Here the hunger, though somewhat vampiric or cannibalistic, is less an innate or transmitted condition of monstrousness than a special kind of dog-eat-dog communion amongst society’s excommunicated – a bond of transgressive indulgence through which the dispossessed find mutual connection and feed their desperation for empowerment. One might suppose, because of the brothel setting and the ensemble of female sex workers, that this will fall into the tradition of low-brow contemporary British comedy horrors like Phil Claydon’s Lesbian Vampire Killers (2009), Steven Lawson’s Dead Cert (2010), Jonathan Glendening’s Strippers vs Werewolves (2012) or Christian James Fanged Up (2017), designed to appeal to a certain “lads’ mag” sensibility. Instead, with its serious tone and subtextual heft, Halligan’s neon-lit film is more akin to Neil Jordan’s Byzantium (2012), and the better for it.
Synopsis: Manchester, present day.
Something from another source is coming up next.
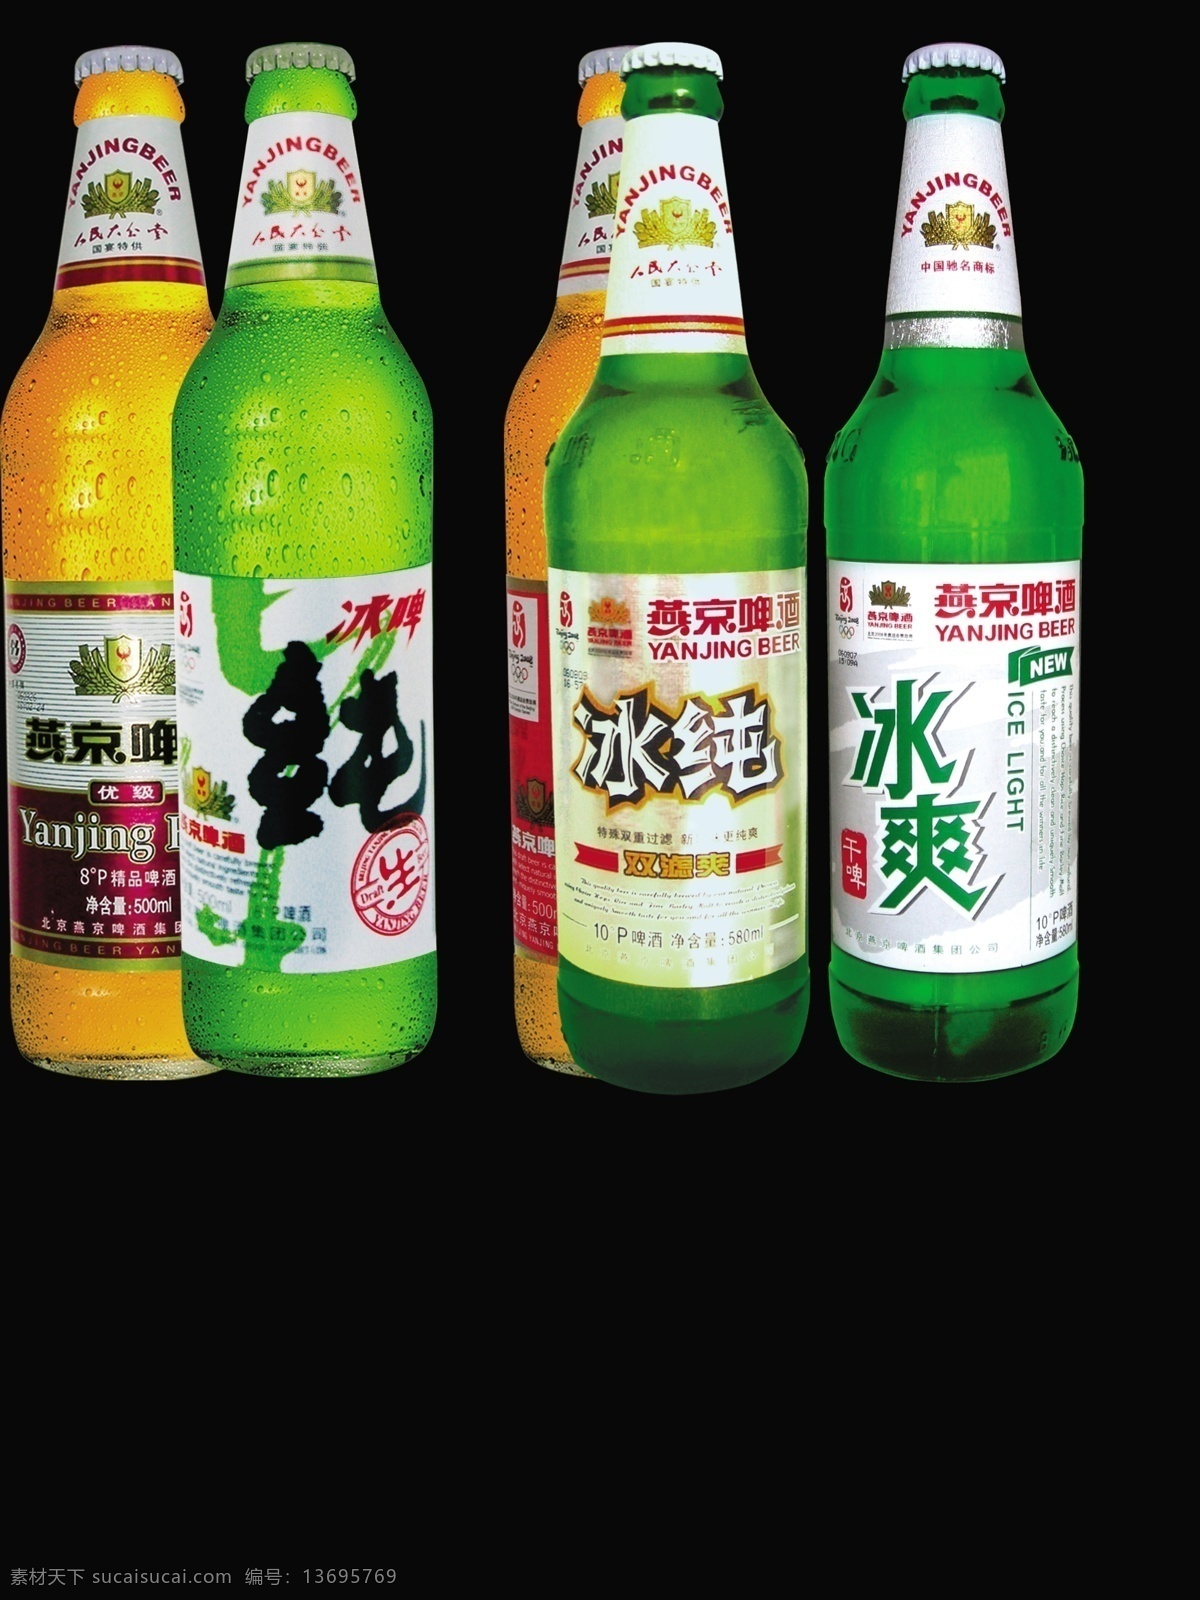 分层 酒瓶 啤酒 啤酒酒瓶 燕京 燕京啤酒 源文件 模板下载 燕京产品 矢量图 日常生活

On his way into the job centre, feckless Michael encounters Lee getting kicked out. Later, Lee asks if she can stay on the floor of the apartment that Michael shares with the even more irresponsible Dig. That night out clubbing, Michael disappoints his older sister Mand with his drunken behaviour. Lee takes Michael to Cloud 9, a massage parlour cum brothel managed by her uncle Ian, and asks Ian if he has work for Michael. Later, Michael returns to see seductive masseuse Alex, but is interrupted when another client staggers in with his throat slit. Horrified, Michael wants to go to the police, but relents when Ian offers him the doorman’s job. Michael likes the cash in hand and his co-workers, who Lee insists are now ‘family’ (Michael’s own mother committed suicide when he was a child). Gangland boss Grant sexually abuses Lee. Michael sees Ian, Lee and the other staff devouring a client in the basement, and though sickened, joins in the orgiastic feasting. Learning that other local clubs also hold illicit feasts, Michael attends one instead of answering a call for help from Mand. Depressed, Mand dies of an overdose. Michael agrees to help Ian murder Grant, but his hesitation lets Grant phone his henchmen before being killed. Armed henchmen come to Cloud 9 and shoot Ian and Alex. Michael and Lee flee, helped by a cannibal cabbie, and catch a train out of Manchester.